*** Data section ***

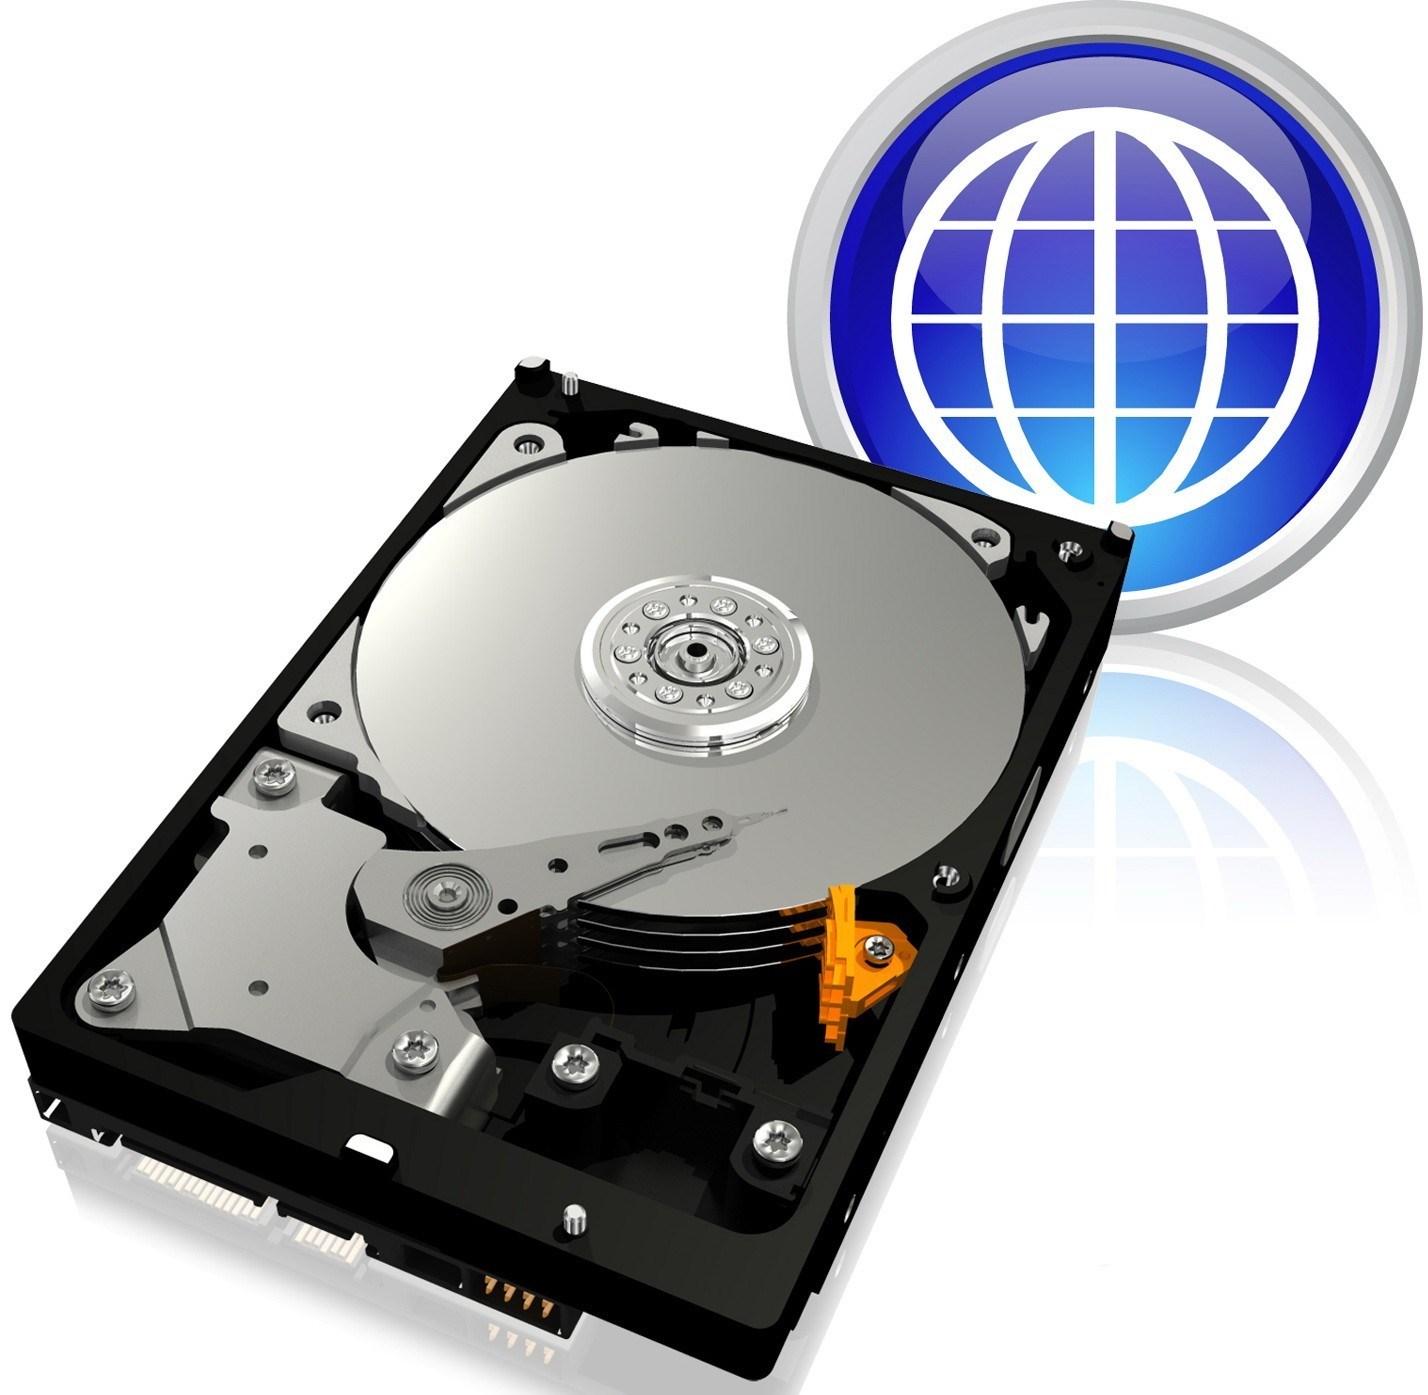 Western Digital Blue Wd10ezrz 1tb 35 Sata 60gb S Hard Drive Harddisk Wb Hardisk Laptop
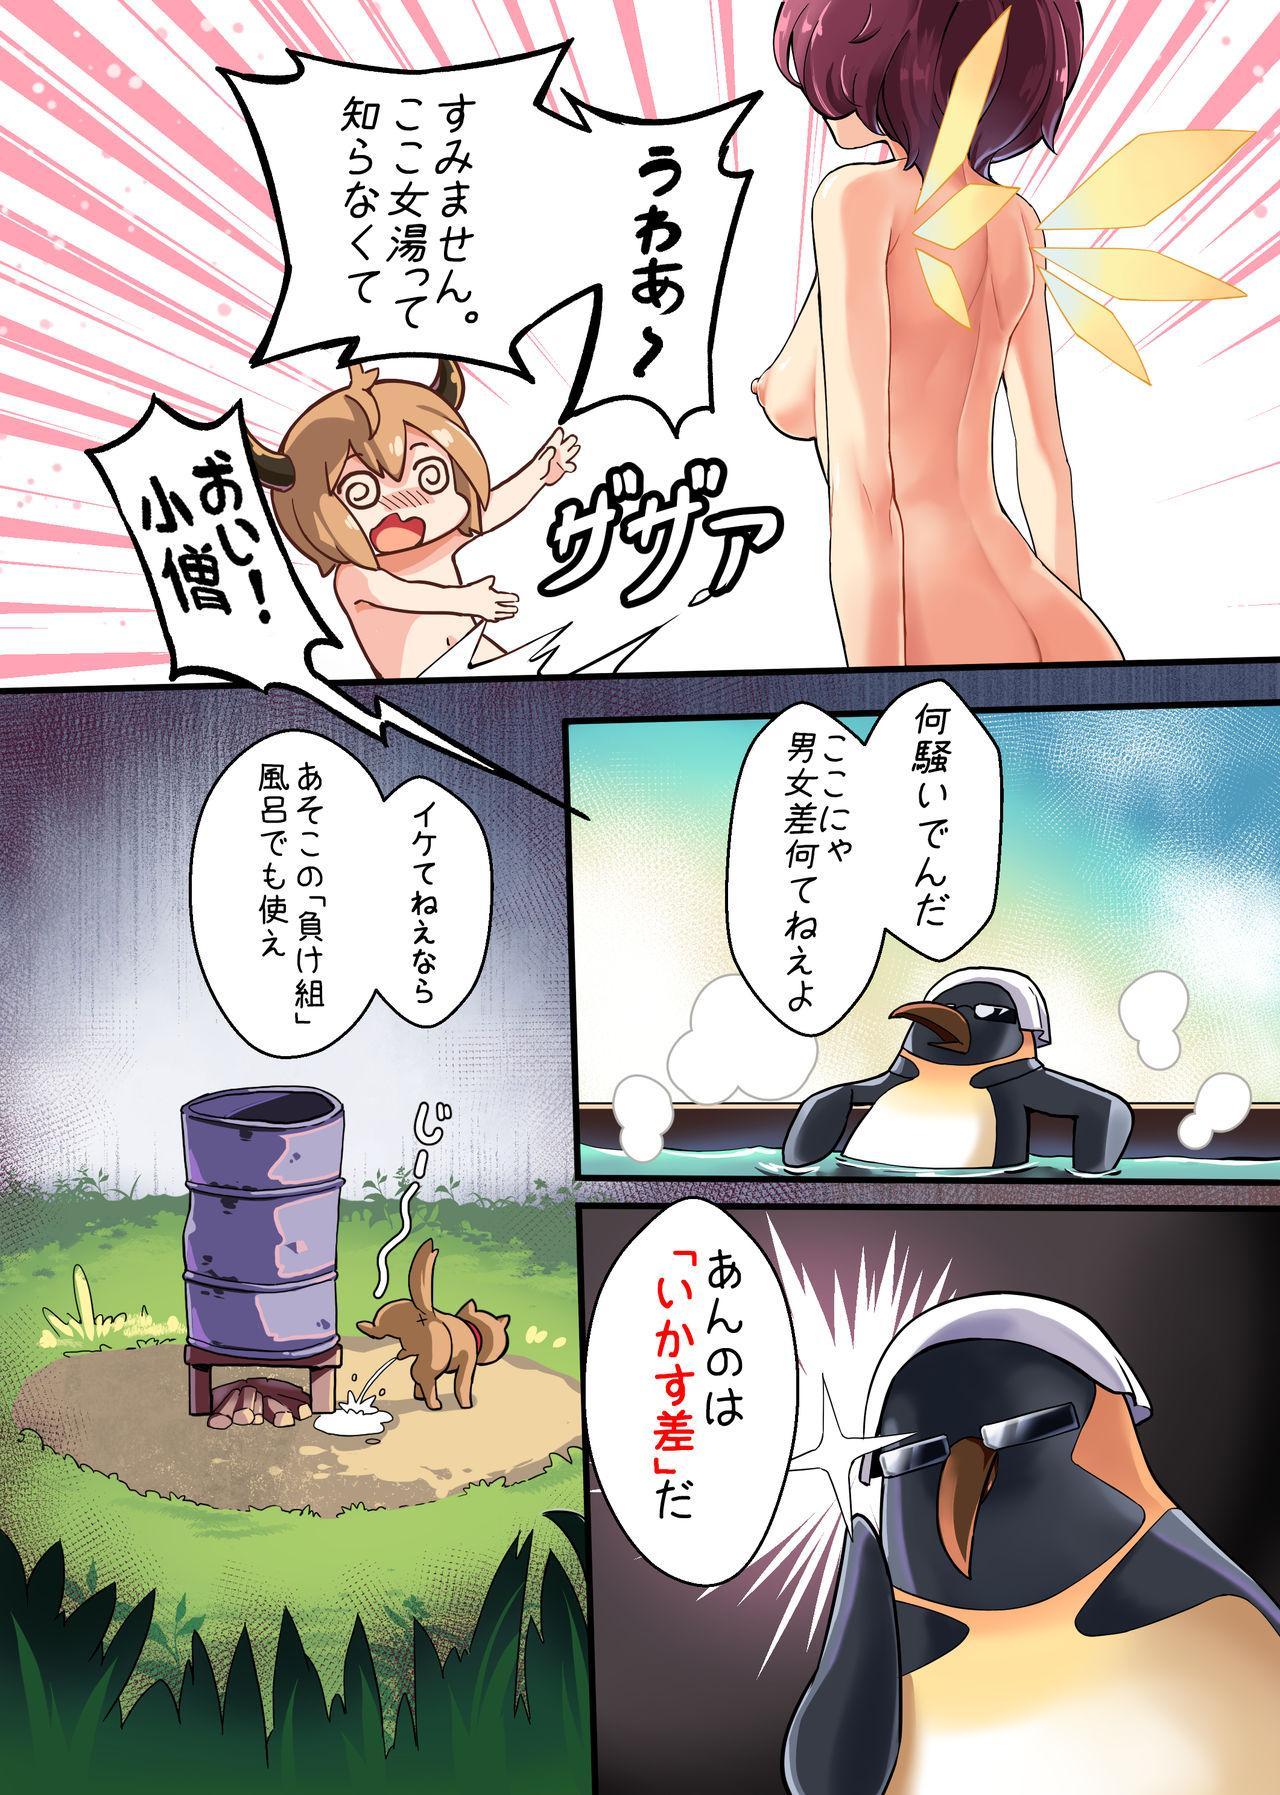 Doki Doki Penguin Bathroom 4
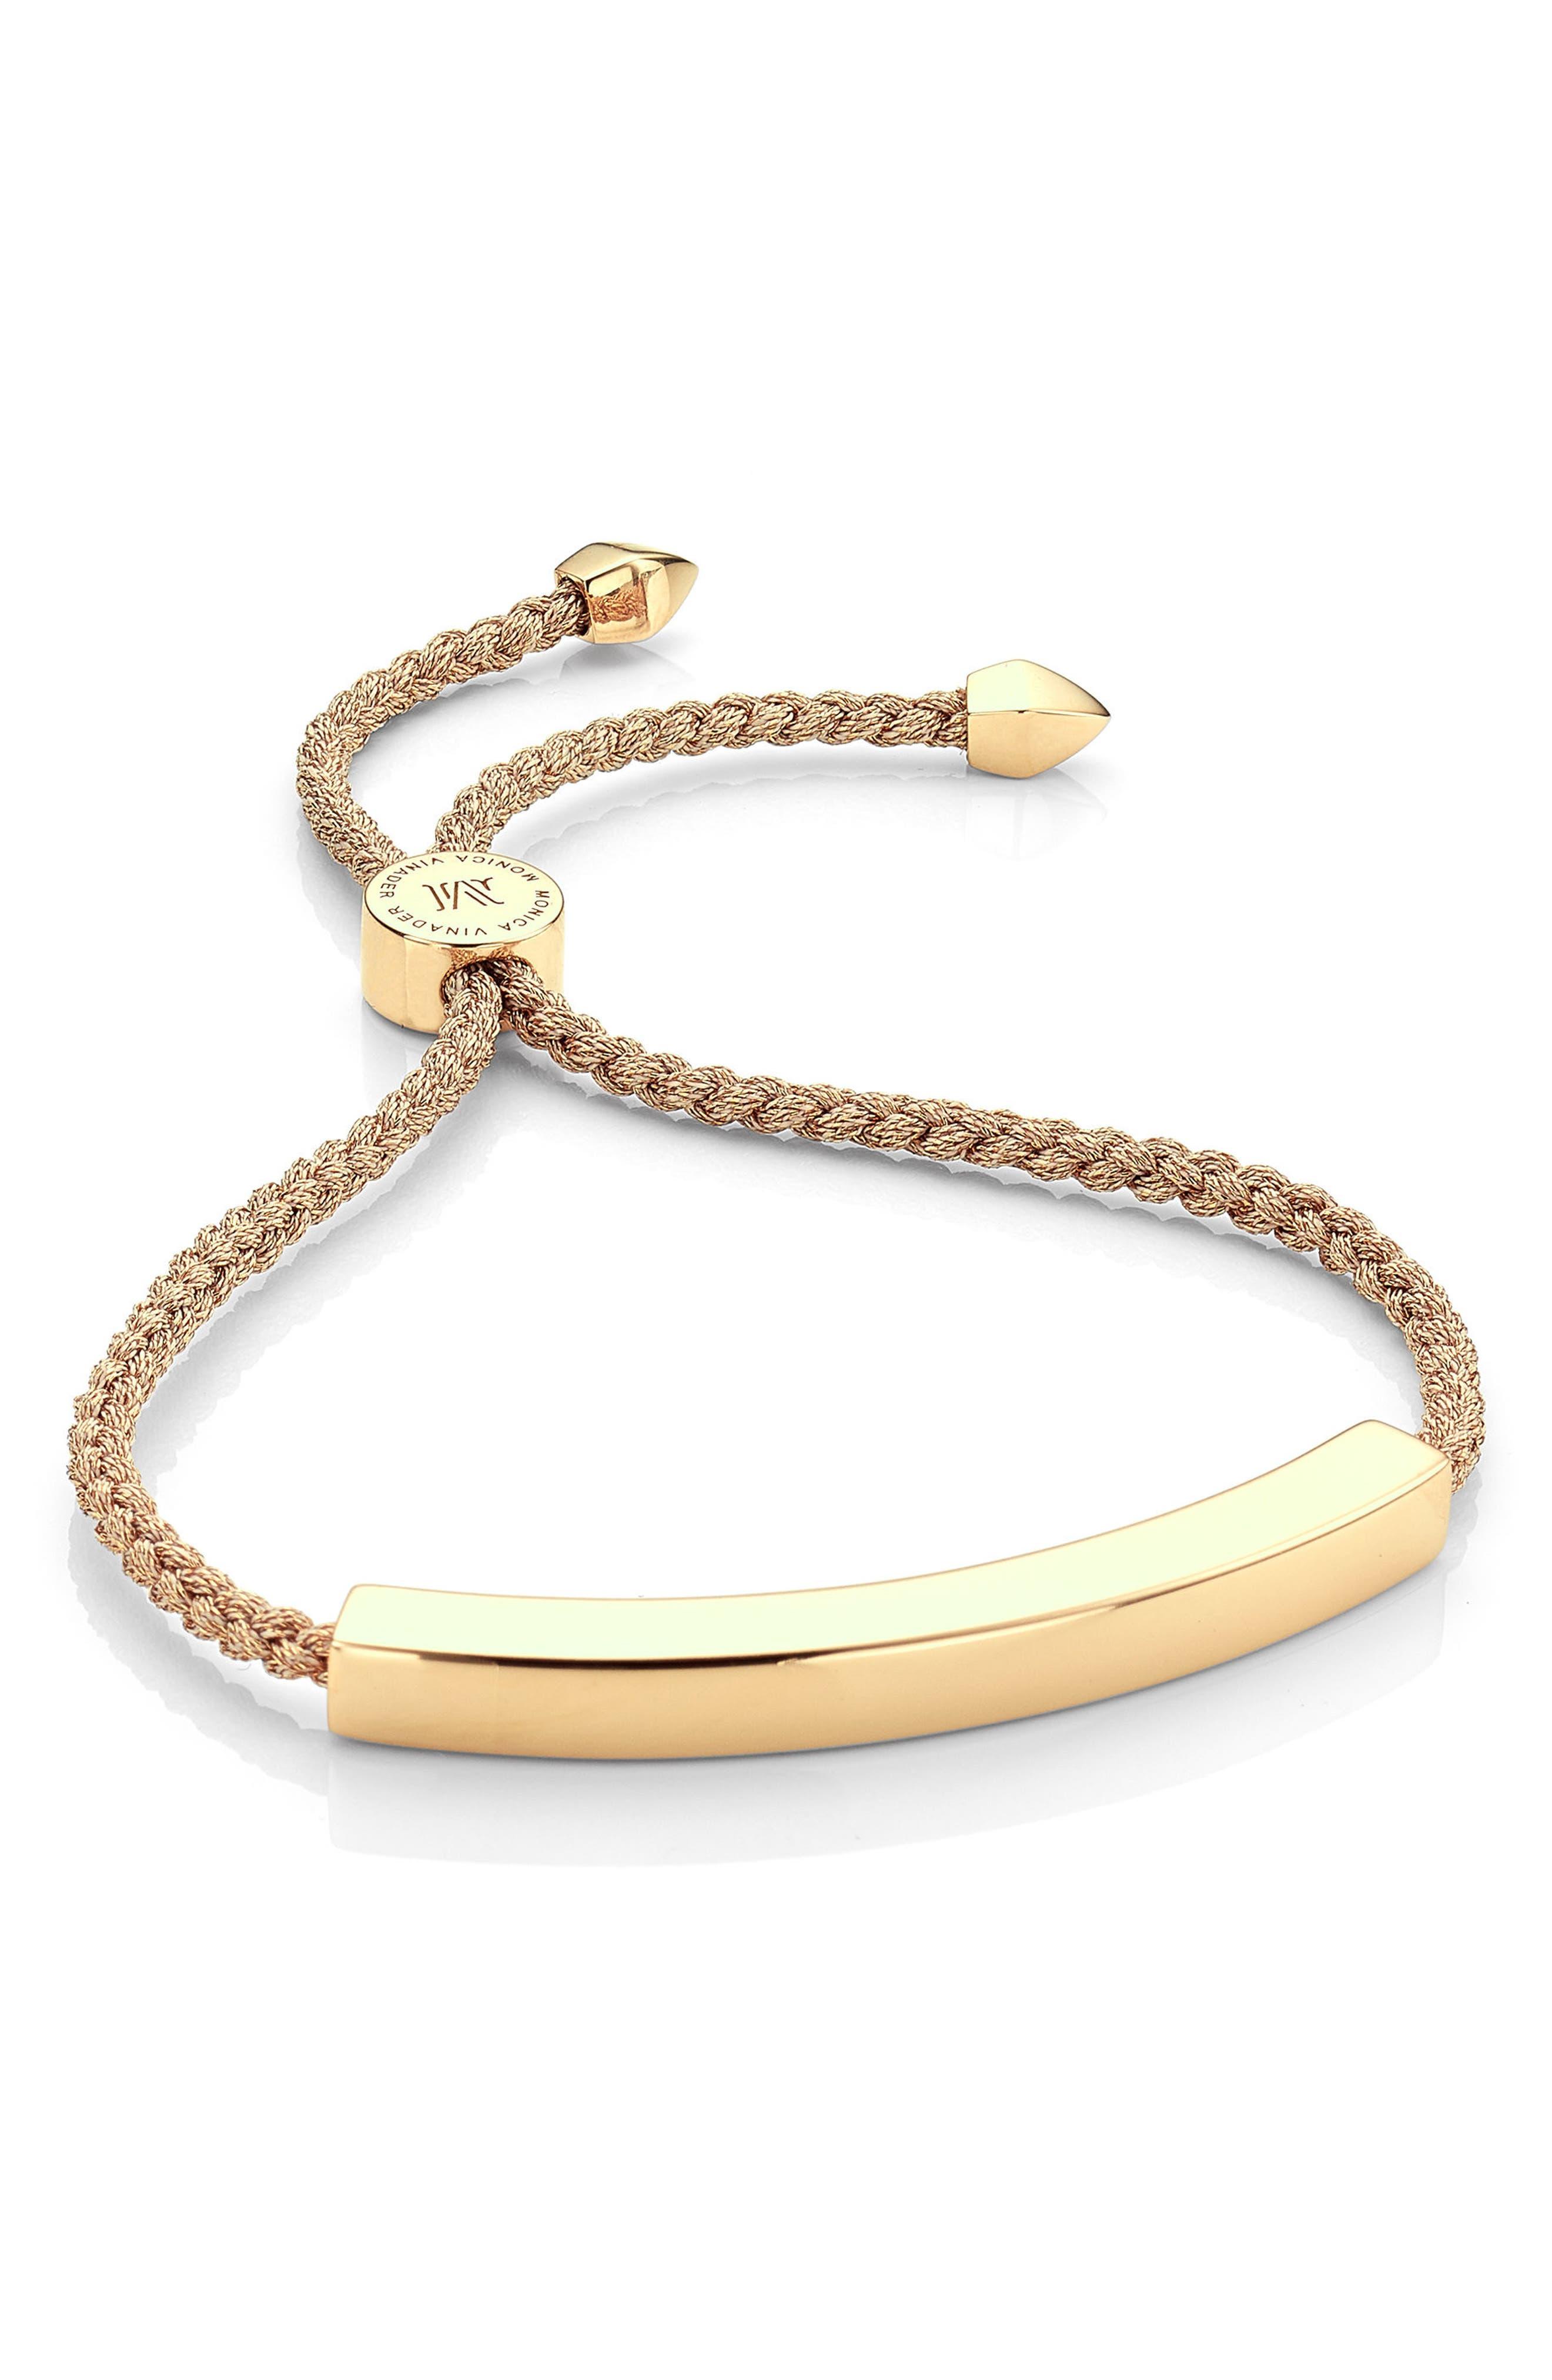 Engravable Linear Friendship Bracelet,                             Main thumbnail 1, color,                             METALLIC/ YELLOW GOLD

*** End of Data section ***

What is needed:
Print out the complete listing above exactly, dropping each image.

Result:
 Western Digital Blue Wd10ezrz 1tb 35 Sata 60gb S Hard Drive Harddisk Wb Hardisk Laptop
 Doki Doki Penguin Bathroom 4
 Engravable Linear Friendship Bracelet,                             Main thumbnail 1, color,                             METALLIC/ YELLOW GOLD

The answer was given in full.